La adopción de la cultura democrática
Este país, y con alegría lo digo, es uno de los pocos ejemplos que tenemos todavía en América Latina de cómo adoptando la cultura democrática, reforzando las instituciones, aprovechando el ejemplo de los países que han sabido derrotar a la pobreza y progresar, se puede ir venciendo al subdesarrollo creando una clase media creciente que ve estabilidad y seguridad en las instituciones. Todo eso ha venido ocurriendo en este país, que ya no solo yo siento como mío, también mi familia. Esa familia tribal, casi bíblica, que es la mía, ya no solo viene a la República Dominicana, la invade. Pero es una invasión cariñosa, cordial, afectuosa de mis dependientes que sé que al igual que en mi caso seguirán sosteniendo cada vez más en casa, como es mi casa. Porque esa es otra de las grandes virtudes dominicanas que admiro, ese sentido proverbial de la hospitalidad, esa manera tan generosa de abrir los brazos a quien pisa su suelo, su playa, su diversa geografía, y hacerlo sentir no un forastero, sino uno más del lugar.
El primer contacto
Mi primer contacto con la República Dominicana fue a través de uno de los grandes hombres que ha producido la inteligencia y la cultura en América Latina, don Pedro Henríquez Ureña. Lo descubrí cuando era un estudiante universitario en Lima, porque uno de mis maestros era un devoto lector suyo y él nos enseñó a leer sus ensayos y aprender lo que significa la cultura, una manera de romper con todos los provincialismos, con todas las orejeras, con todos los prejuicios, y una manera de llegar a sentir lo que es ser verdaderamente un ciudadano del mundo. Eso es lo que fue ese dominicano universal de esa generación de grandes hombres renacentistas que nacieron en América Latina, al mismo tiempo que Francisco García Calderón y Alfonso Reyes, continuadores de un Sarmiento.

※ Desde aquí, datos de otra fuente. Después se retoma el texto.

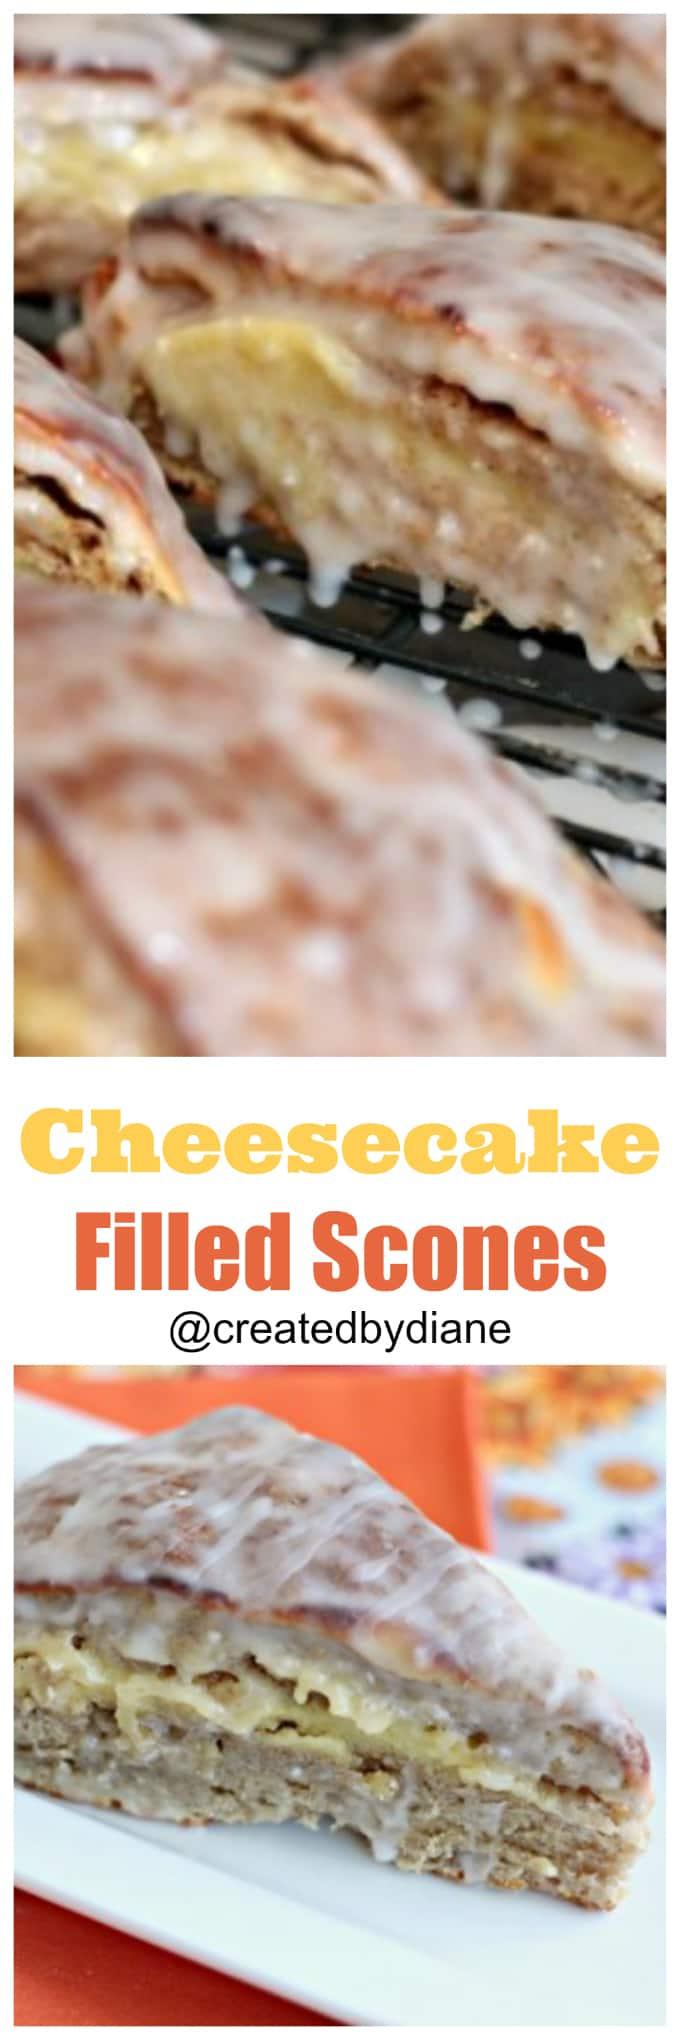 cheesecake filled scones @createdbydiane

Esos latinoamericanos, pese a ser de América Latina en su tiempo una región empobrecida del mundo, fueron sin embargo grandes creadores, grandes pensadores, capaces de traer el mundo del pensamiento, del arte y la cultura a nuestra región y también de volcar lo mejor que tenía nuestra región para el resto del mundo. Pedro Henríquez Ureña fue mi primer contacto, mi mejor contacto, con la República Dominicana. Por todos esos años es uno de esos autores que de tanto en tanto vuelvo, porque en sus páginas creo que todo latinoamericano descubre lo mucho que nos une y también la pequeñez, para no hablar de la idiotez, de todo aquello que a veces nos separa y nos destruye. Creo que ahora que recibo el reconocimiento de la Orden Heráldica de Cristóbal Colón Grado de Gran Cruz Placa de Plata tan generoso es el momento de recordar a un hombre como Pedro Henríquez Ureña. Otra demostración que con el esfuerzo, que con la voluntad, se pueden superar todas las limitaciones y alcanzar el mejor nivel.